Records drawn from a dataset
* * * * * * * * *

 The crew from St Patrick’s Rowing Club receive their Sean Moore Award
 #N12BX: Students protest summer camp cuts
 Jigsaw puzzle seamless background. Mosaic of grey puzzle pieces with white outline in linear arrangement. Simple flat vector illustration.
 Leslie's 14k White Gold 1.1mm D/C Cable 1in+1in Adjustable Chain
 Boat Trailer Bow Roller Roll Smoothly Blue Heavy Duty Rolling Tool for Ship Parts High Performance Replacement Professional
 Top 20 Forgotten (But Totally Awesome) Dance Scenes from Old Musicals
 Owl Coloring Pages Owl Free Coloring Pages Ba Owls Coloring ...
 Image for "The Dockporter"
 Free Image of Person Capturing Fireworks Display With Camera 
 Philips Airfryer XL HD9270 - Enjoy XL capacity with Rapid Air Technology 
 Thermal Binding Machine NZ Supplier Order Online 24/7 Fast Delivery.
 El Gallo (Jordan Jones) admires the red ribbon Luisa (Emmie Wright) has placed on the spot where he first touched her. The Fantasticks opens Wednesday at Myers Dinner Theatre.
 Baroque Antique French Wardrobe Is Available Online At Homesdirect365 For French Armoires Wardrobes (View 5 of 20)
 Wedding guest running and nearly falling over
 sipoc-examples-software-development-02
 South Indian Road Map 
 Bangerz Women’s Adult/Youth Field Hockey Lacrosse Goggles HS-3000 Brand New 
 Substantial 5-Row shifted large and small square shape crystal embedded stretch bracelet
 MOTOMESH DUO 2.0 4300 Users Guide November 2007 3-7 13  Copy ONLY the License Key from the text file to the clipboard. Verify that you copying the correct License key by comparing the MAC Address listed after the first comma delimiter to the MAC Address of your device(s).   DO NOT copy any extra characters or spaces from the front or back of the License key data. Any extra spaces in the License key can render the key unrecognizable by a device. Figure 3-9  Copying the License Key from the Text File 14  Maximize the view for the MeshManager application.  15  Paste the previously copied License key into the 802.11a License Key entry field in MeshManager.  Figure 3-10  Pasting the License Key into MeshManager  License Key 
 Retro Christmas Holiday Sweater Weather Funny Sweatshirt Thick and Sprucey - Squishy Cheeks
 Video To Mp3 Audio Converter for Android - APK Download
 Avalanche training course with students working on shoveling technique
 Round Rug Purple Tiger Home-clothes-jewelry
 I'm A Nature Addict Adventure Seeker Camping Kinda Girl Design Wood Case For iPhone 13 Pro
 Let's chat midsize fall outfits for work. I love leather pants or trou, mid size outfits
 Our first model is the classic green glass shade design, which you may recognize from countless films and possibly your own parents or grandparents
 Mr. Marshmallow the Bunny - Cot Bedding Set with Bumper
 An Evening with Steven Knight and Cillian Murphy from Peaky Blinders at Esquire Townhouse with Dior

* * * * * * * * *

- **Task details**: Count the lines of the data that contain the word "Free", and give only that number.

- **Written solution**: 2